■ WORK TASK ■
Retype the data that follows exactly. No pictures belong in the copy.

■ THE DATA ■
----

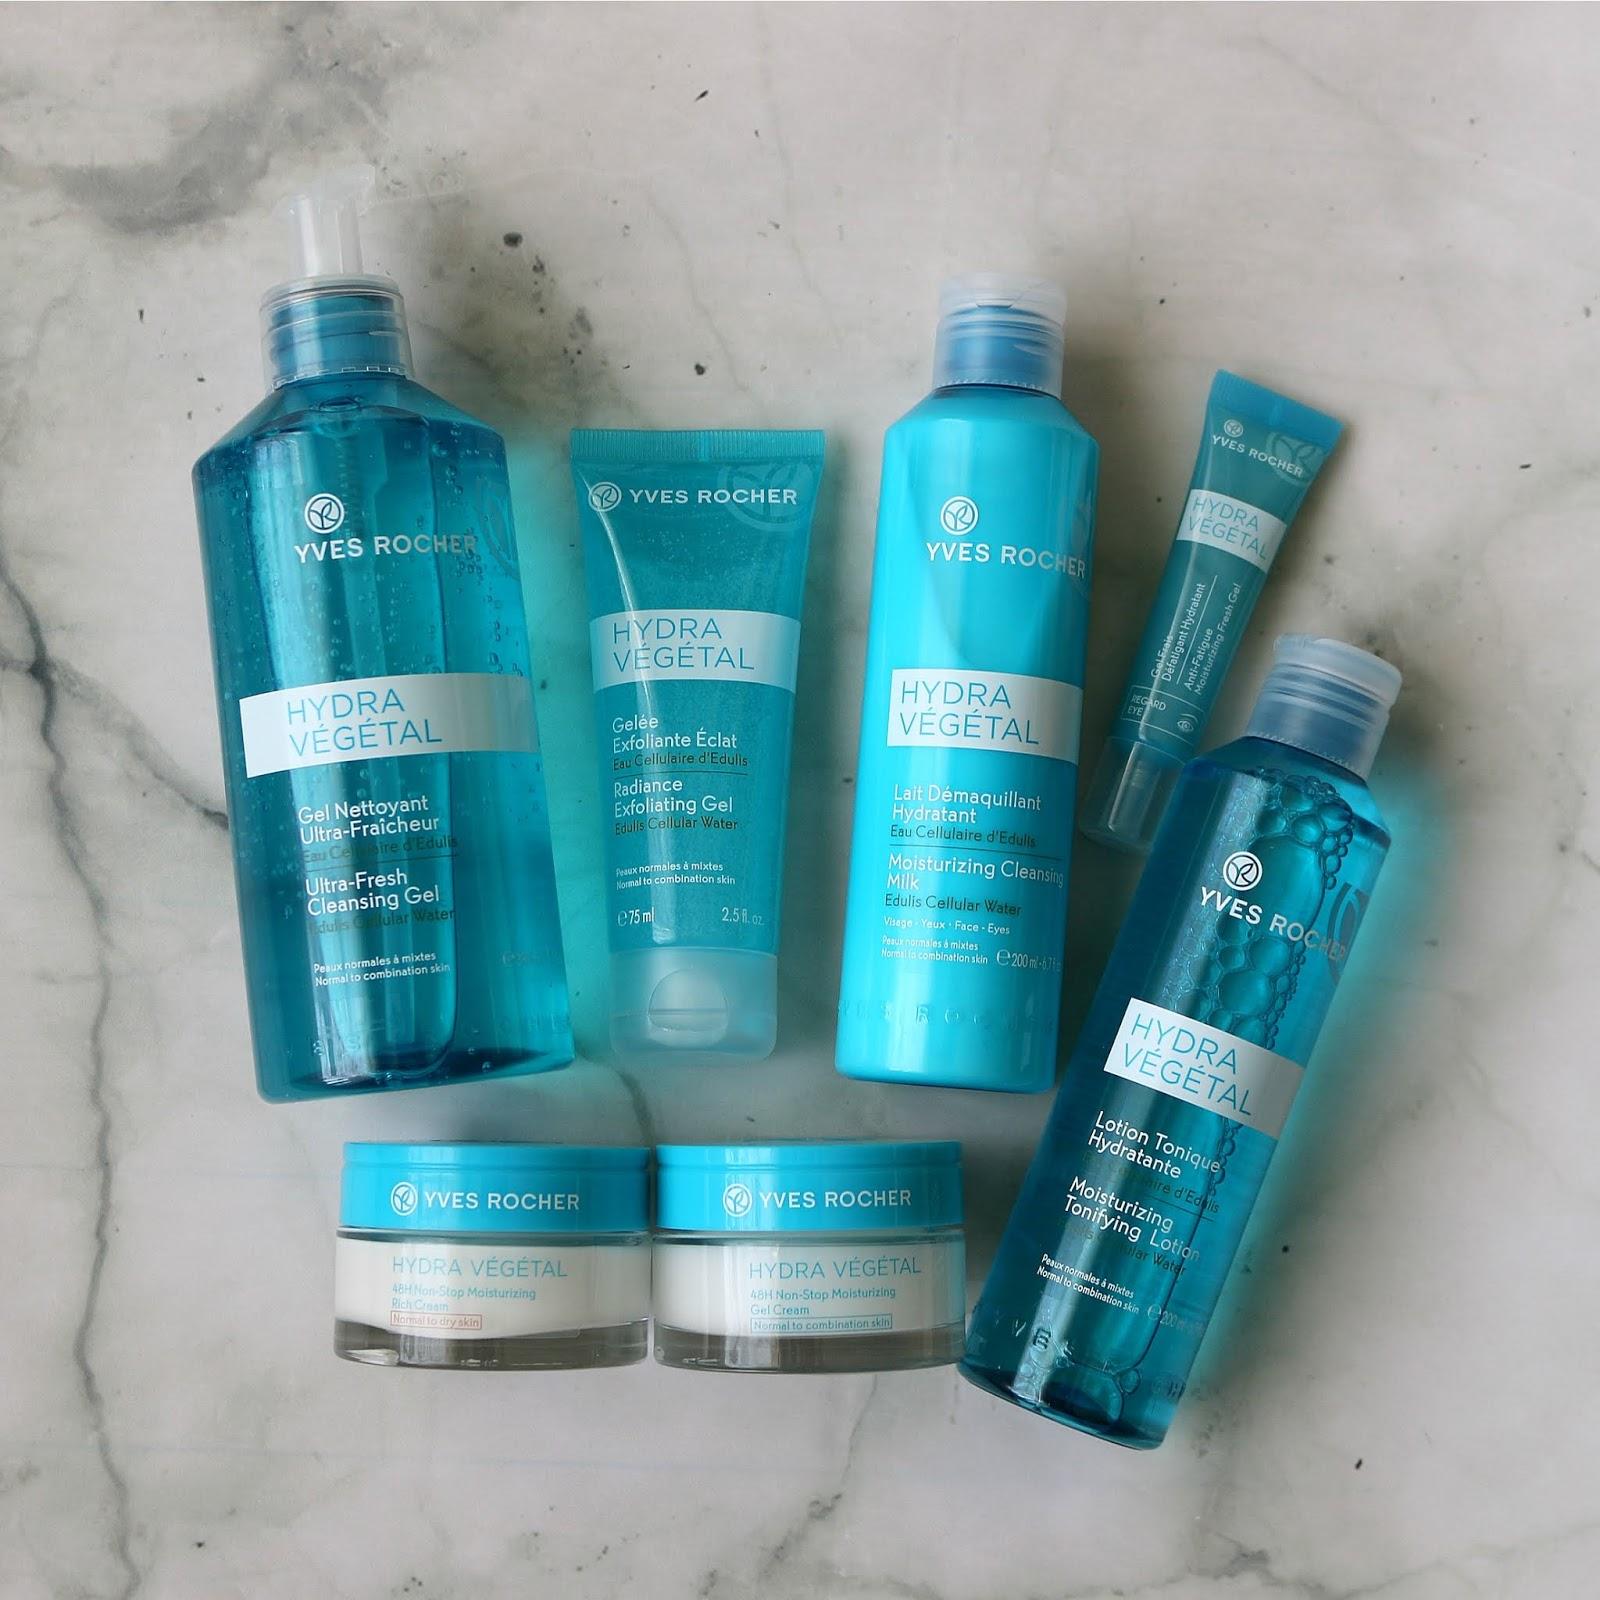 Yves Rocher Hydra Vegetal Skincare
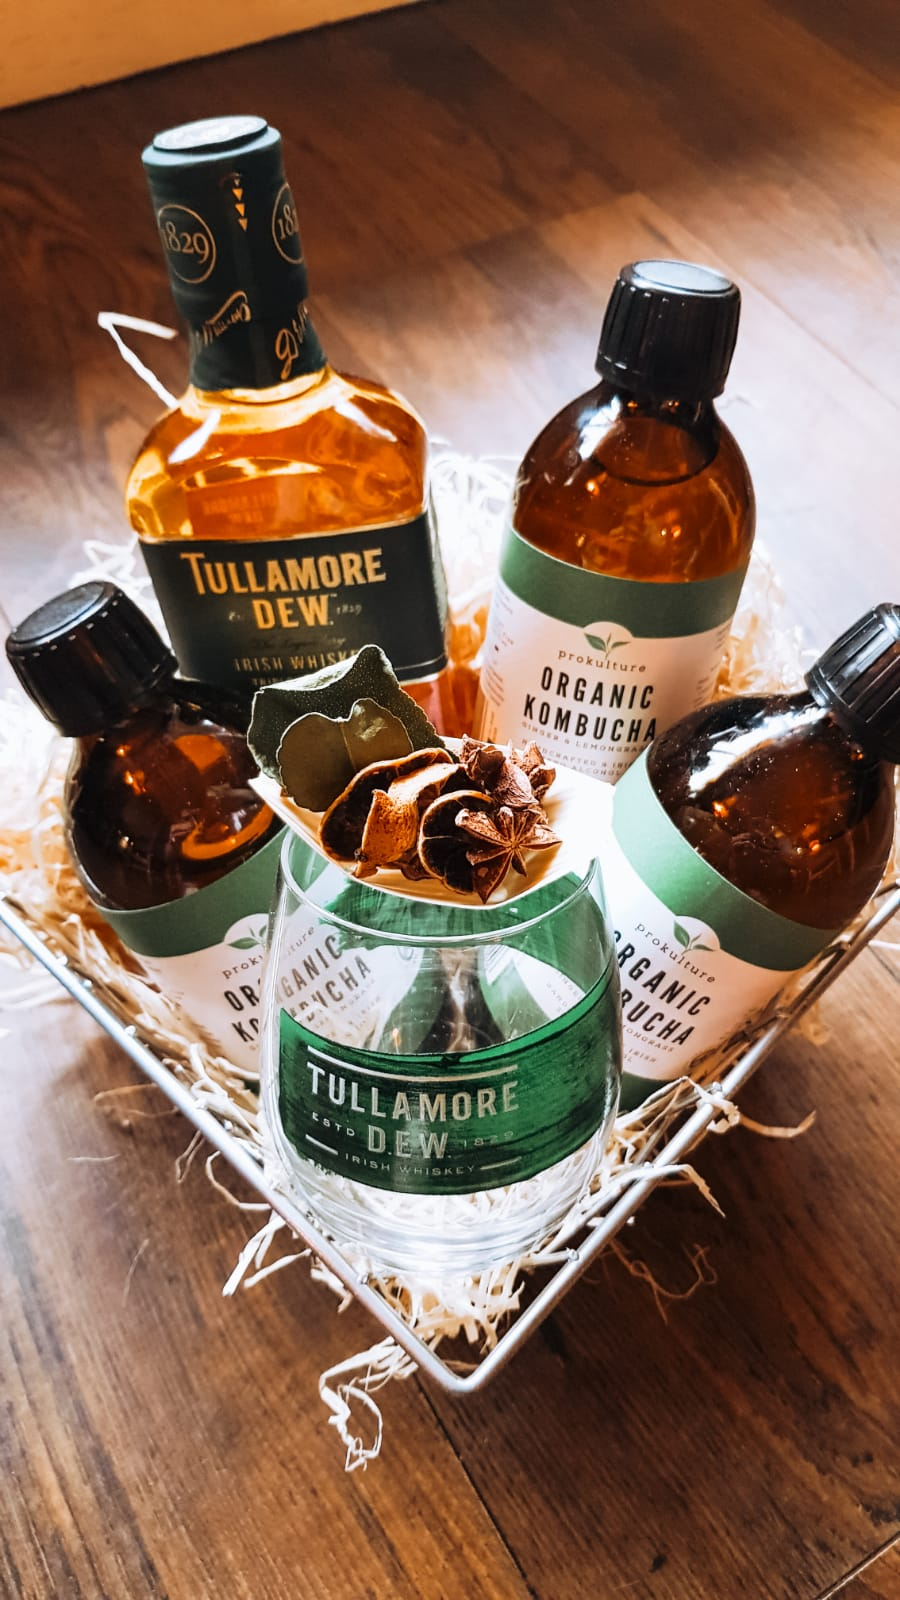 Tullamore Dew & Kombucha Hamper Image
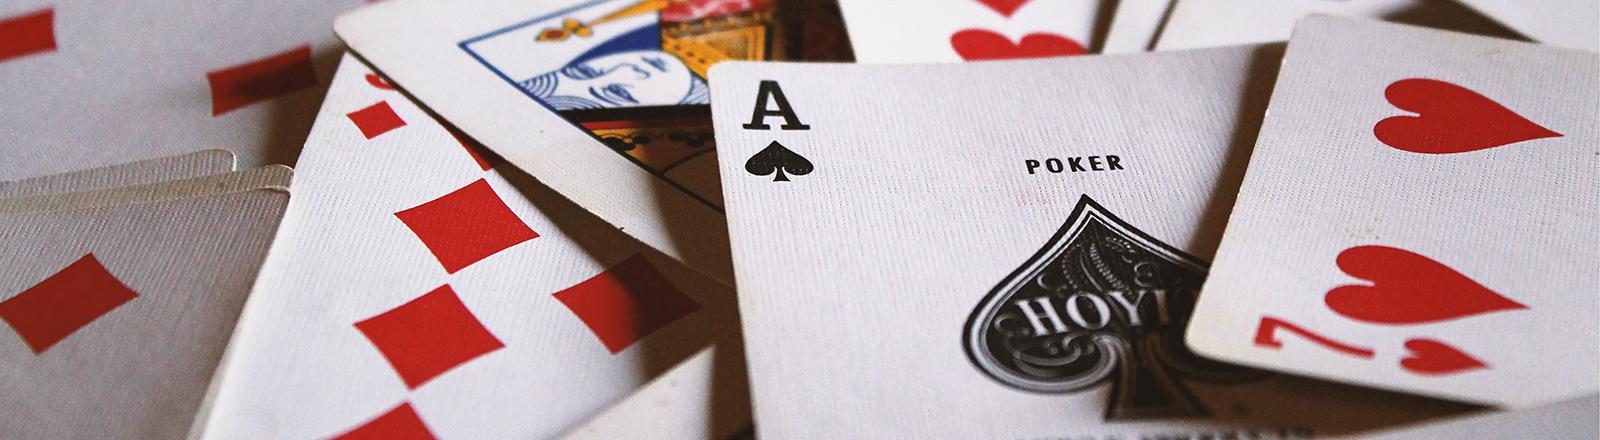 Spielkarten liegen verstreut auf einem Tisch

----

■ ANSWER BELOW ■
 Yves Rocher Hydra Vegetal Skincare
 Tullamore Dew & Kombucha Hamper Image
 Spielkarten liegen verstreut auf einem Tisch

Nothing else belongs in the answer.